MEDYAGÜNDEM- Bugün Vatan’da Can Ataklı’nın yazısındaki “Hepimiz asabiyet cahiliymişiz” başlığını görünce, “Hah tamam, Ataklı da Hürriyet’in cahilinin kayığına bindi” diye düşündük.
Ama yazısını sabırla okuyunca fikrimiz tam tersi yönde değişti. Önyargılı olmamak gerektiğini bir kez daha anlayıp, bu kez “Hürriyet’in cahili Ataklı kadar olamadı” diye düşündük.
Ataklı da “asabiyet” meselesine girip, son derece kompleksiz biçimde “asabiyet”in “kavmiyetçilik” anlamına geldiğini ilk kez öğrendiğini itiraf etmiş.

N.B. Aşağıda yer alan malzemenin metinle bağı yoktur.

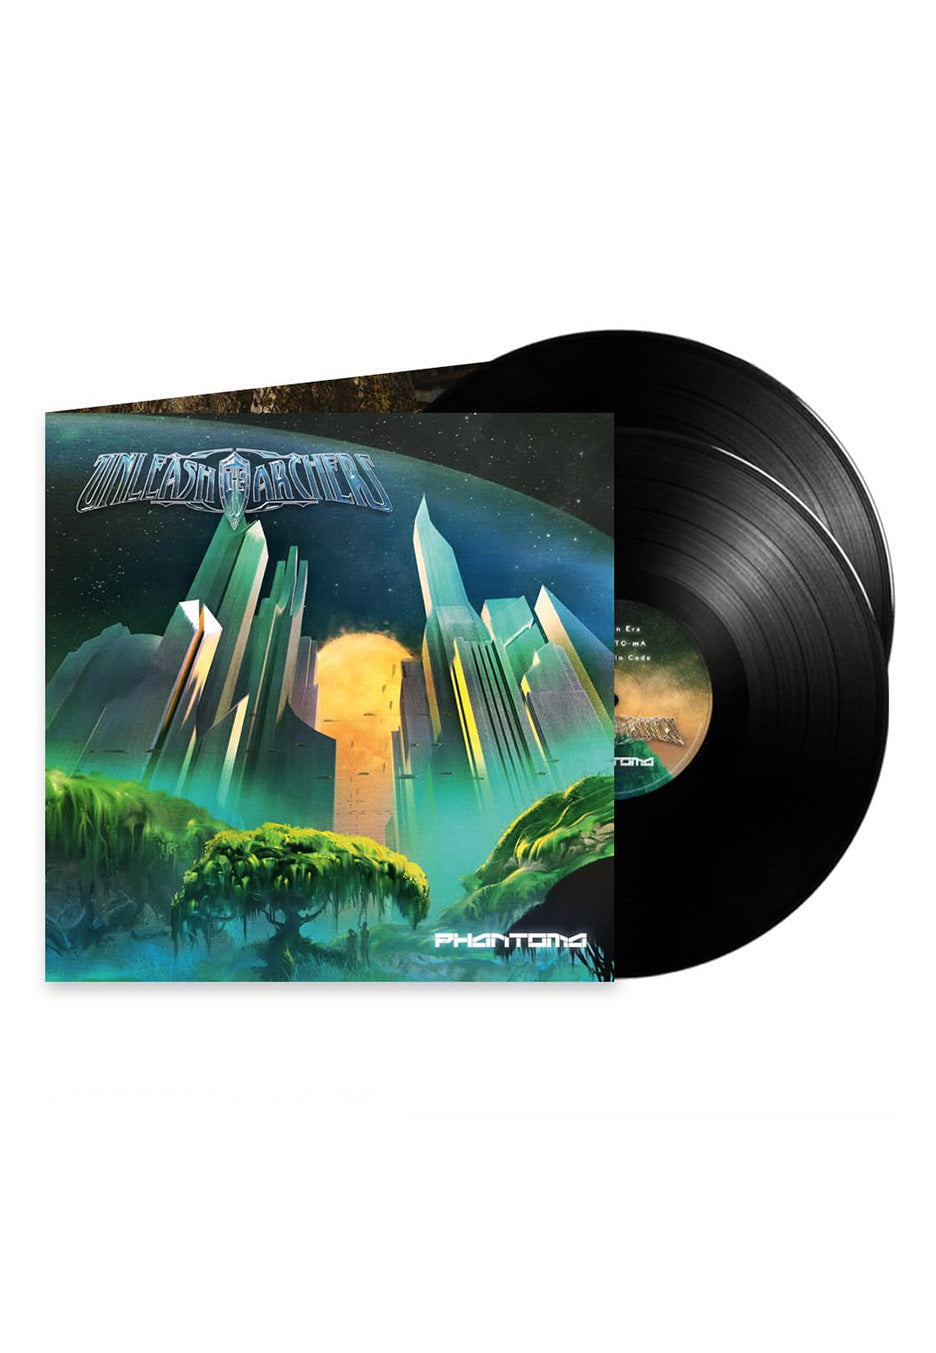 Unleash The Archers - Phantoma - 2 Vinyl

Atalı bir de uzmana danışmış ve şöyle yazmış:
“Prof. Kerem Doksat’la konuştum, o konuya başka açıdan yaklaşıyordu. Dedi ki ‘Evet, asabiyet deyince herkesin aklına ilk olarak sinirlilik gelir. Ama aydın olduğunu, entelektüel olduğunu söyleyenler en azından hemen balıklama atlamamalı. İlk kez Başbakan’ı bir konuda haklı buldum’ dedi. Kerem Doksat da haklı.”

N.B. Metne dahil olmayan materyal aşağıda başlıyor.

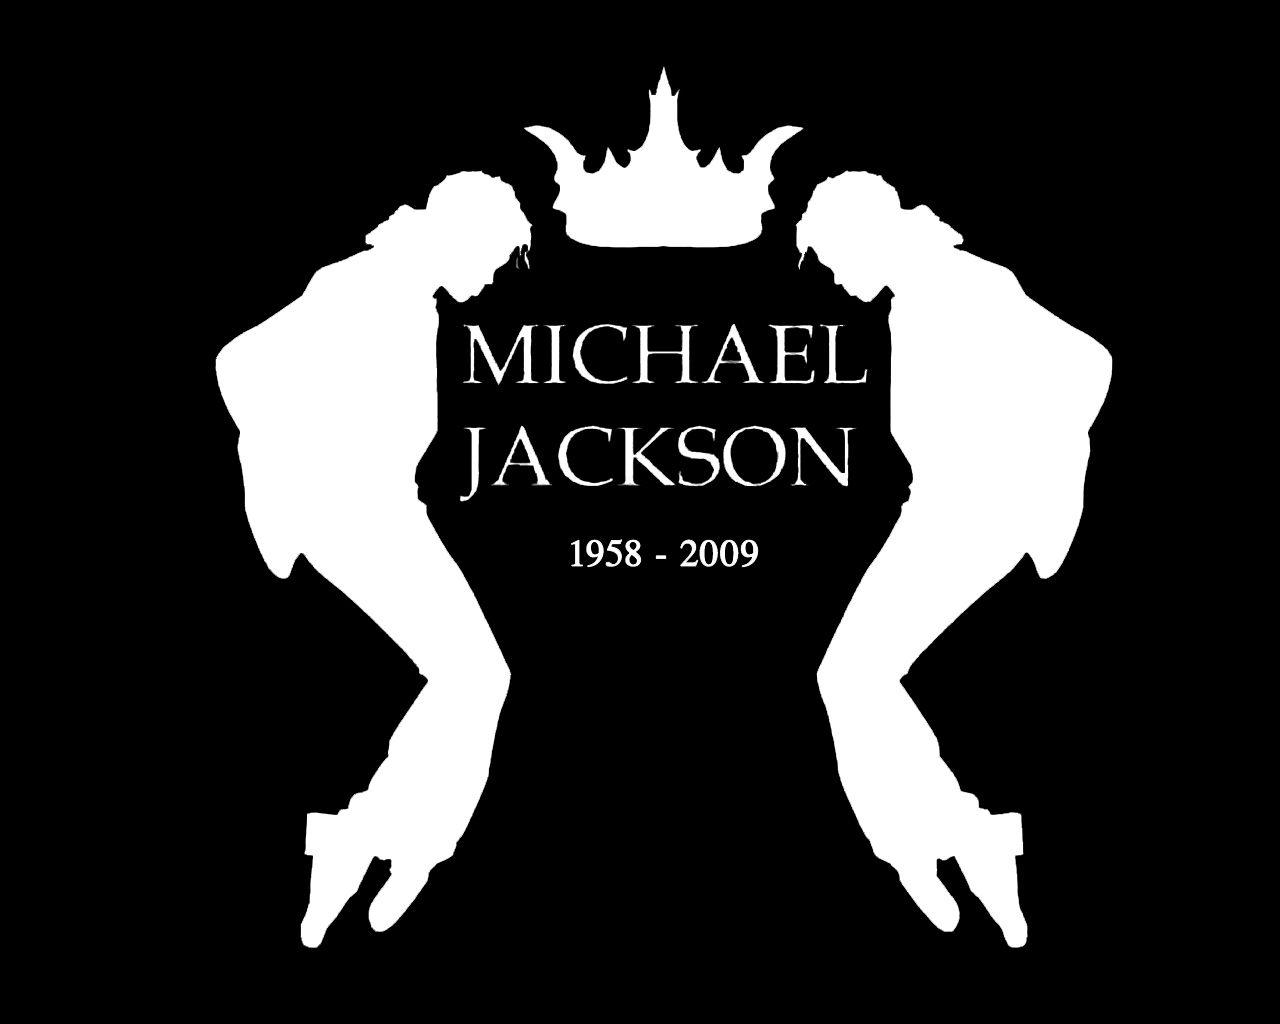 Michael Jackson PNG Image - PurePNG | Free transparent CC0 PNG Image Library

Ataklı kendisiyle ilgili itirafı da şöyle yapmış:
“Çok merak eden varsa, asabiyetin soya sopa aşırı bağlılık anlamında kullanıldığını ve bunun İbni Haldun’un bir nazariyesi olduğunu bilmiyordum. Bu sayede bilgi dağarcığıma yeni bir şey eklemiş oldum.”
Bir kez daha tekrar edelim, Hürriyet’in zırcahil yazarı Mehmet Y. Yılmaz, Ataklı’dan ders alsın.
Ancak şu notu da düşelim, Ataklı köşesinde Star gazetesi yazarı İbrahim Kiras’tan bir alıntı yapmış. “Asabiyet”in ilk sosyolog İbn Haldun’a ait nazariye olduğunu yazarak meselenin bilimsel arka planını gösteren Kiras’tan “bir yazar” diyerek söz edip, alıntı yapmak şık olmadı. Ataklı’nın kompleksiz itirafına bu kompleksli tavır yakışmadı.